→ What the task requires: When you return the material, keep every line exactly as it is and omit the pictures.

→ Provided data:
• • • • •
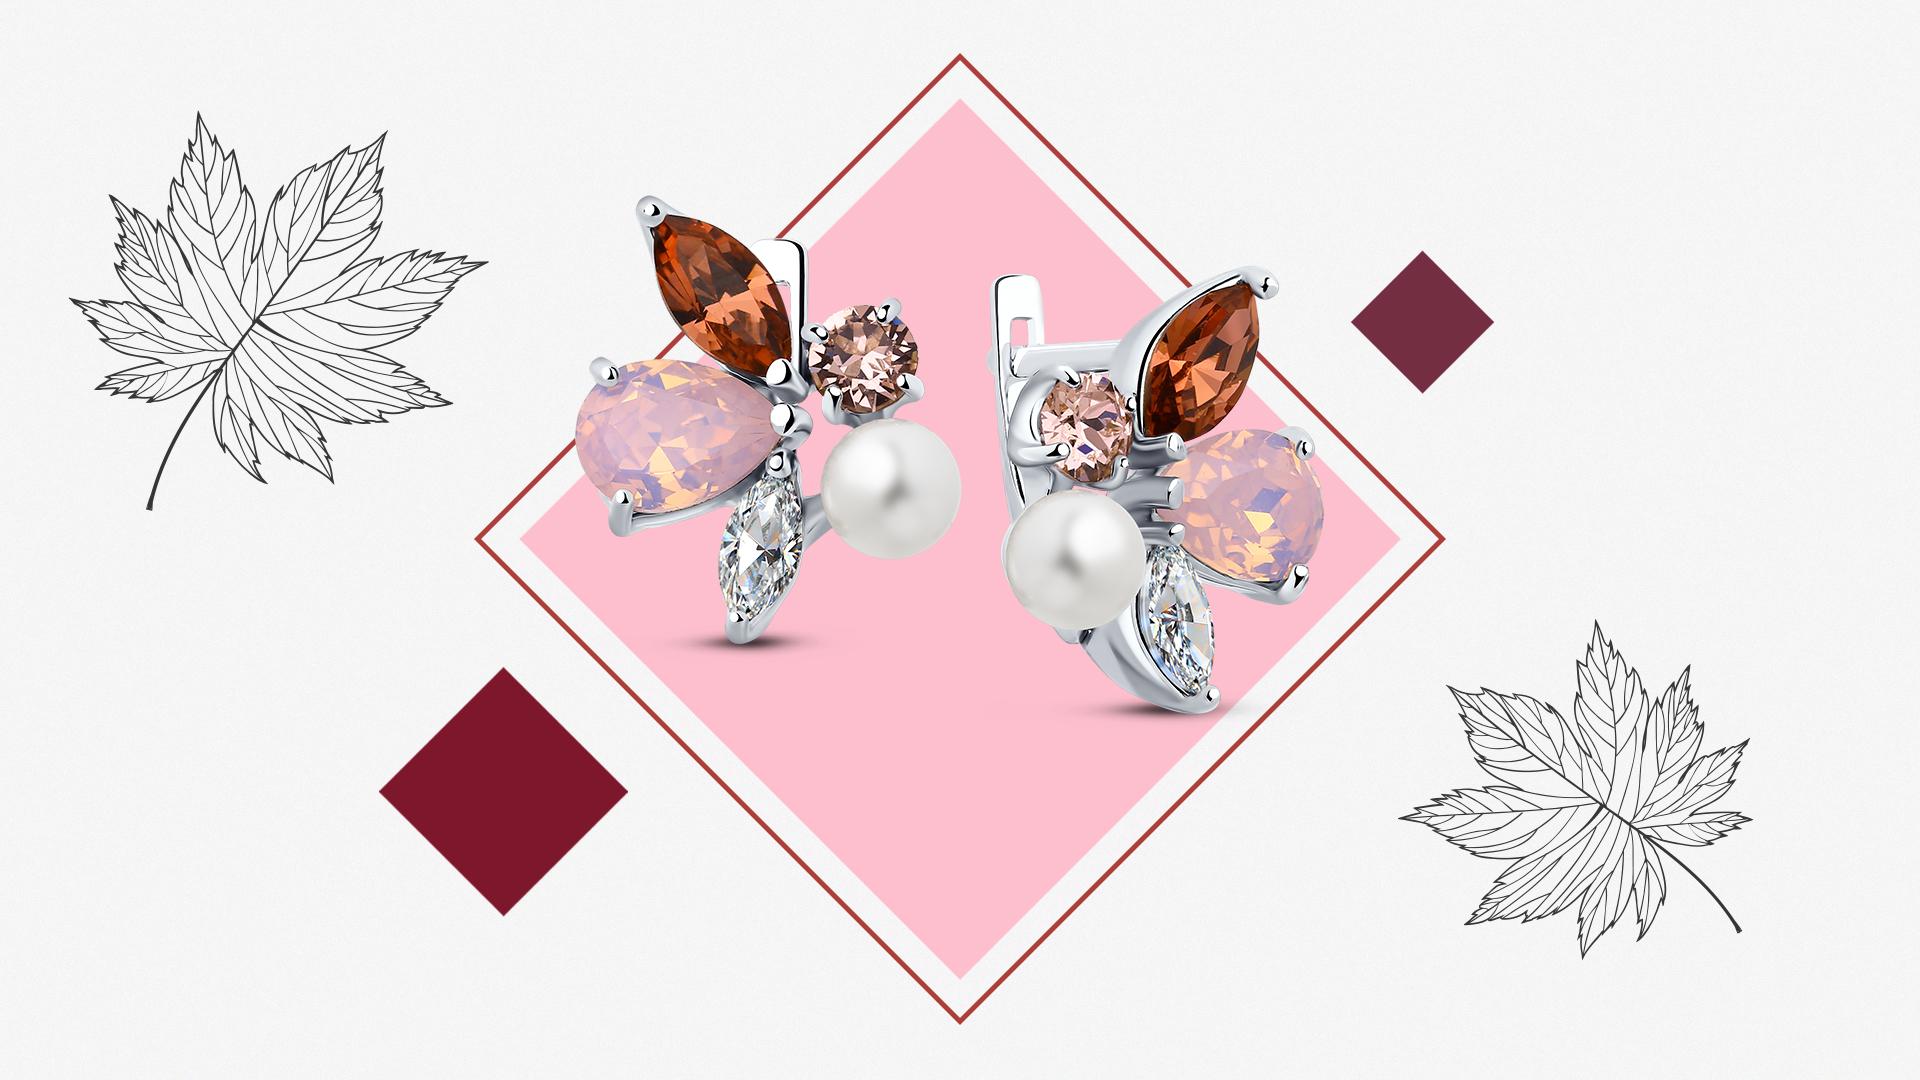 Серьги из серебра с жемчугом Swarovski и кристаллами Swarovski
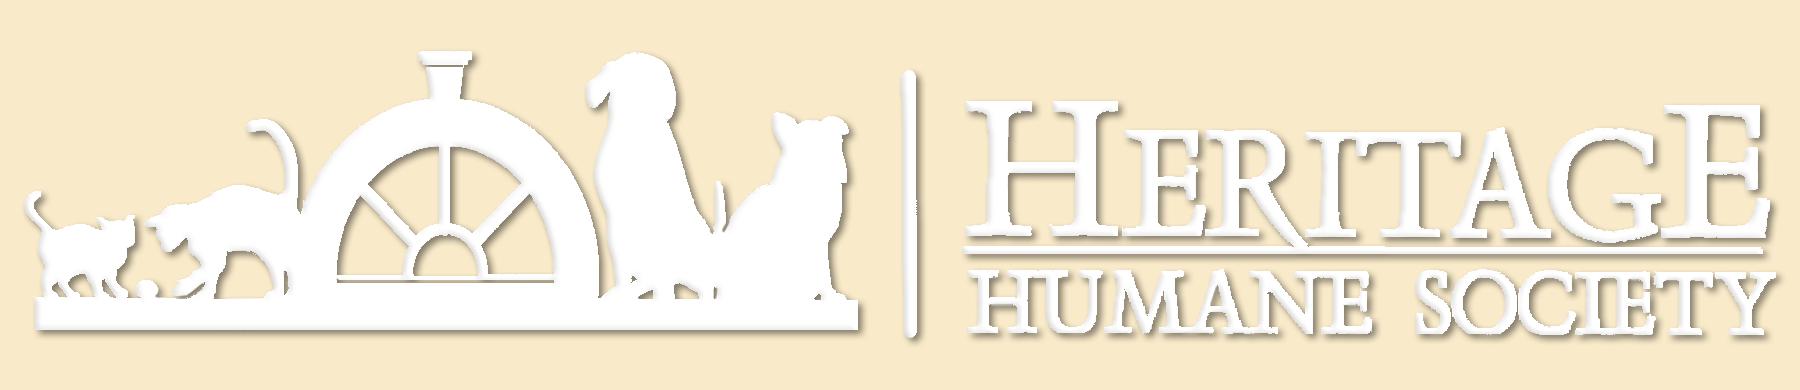 Heritrage Humane Society.png
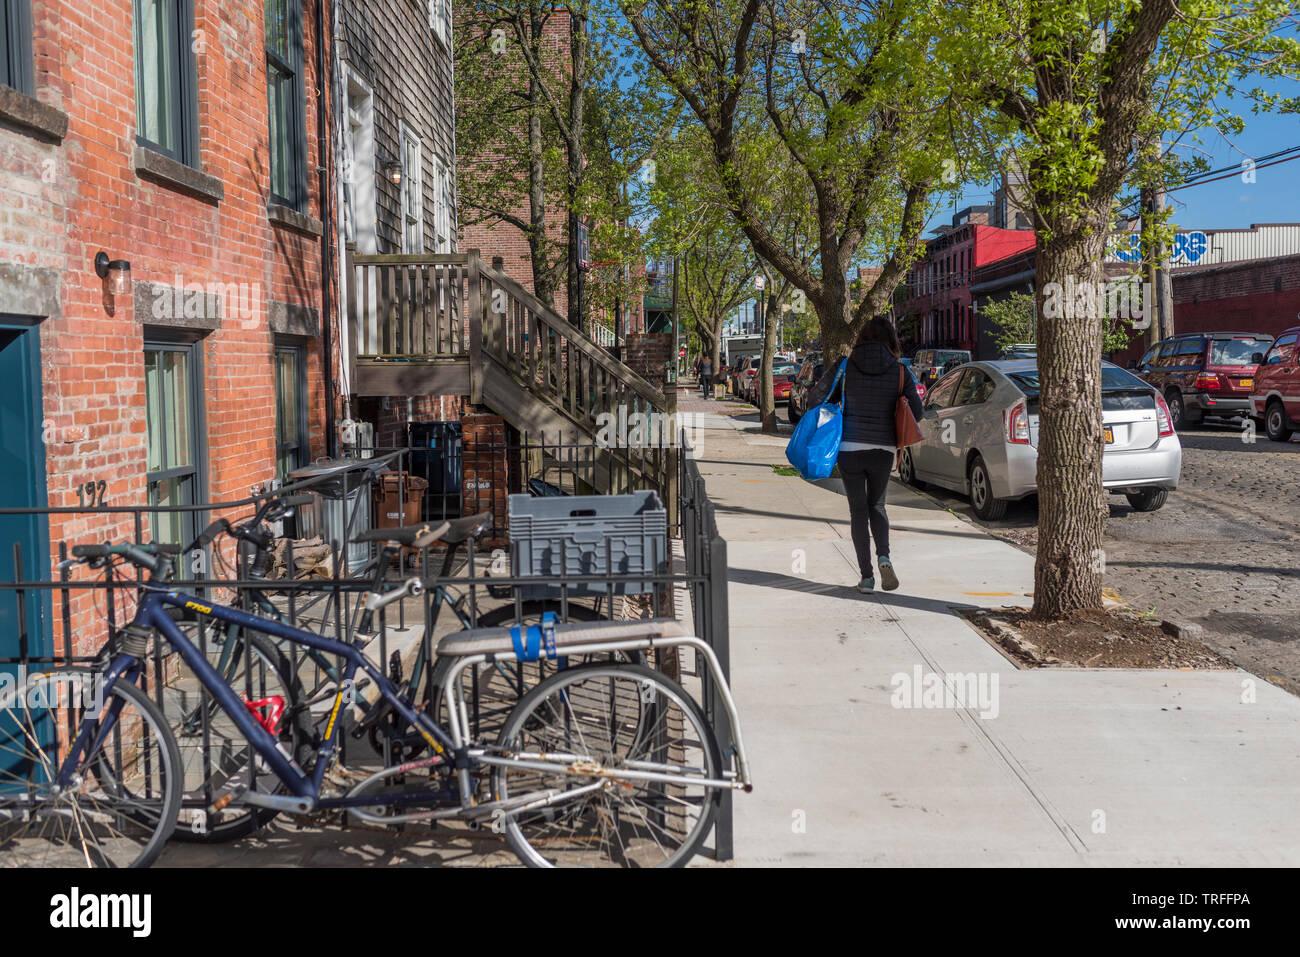 a woman walks down a sreet in brooklyn, ny - Stock Image
• • • • •
→ Written solution:
 Серьги из серебра с жемчугом Swarovski и кристаллами Swarovski
 Heritrage Humane Society.png
 a woman walks down a sreet in brooklyn, ny - Stock Image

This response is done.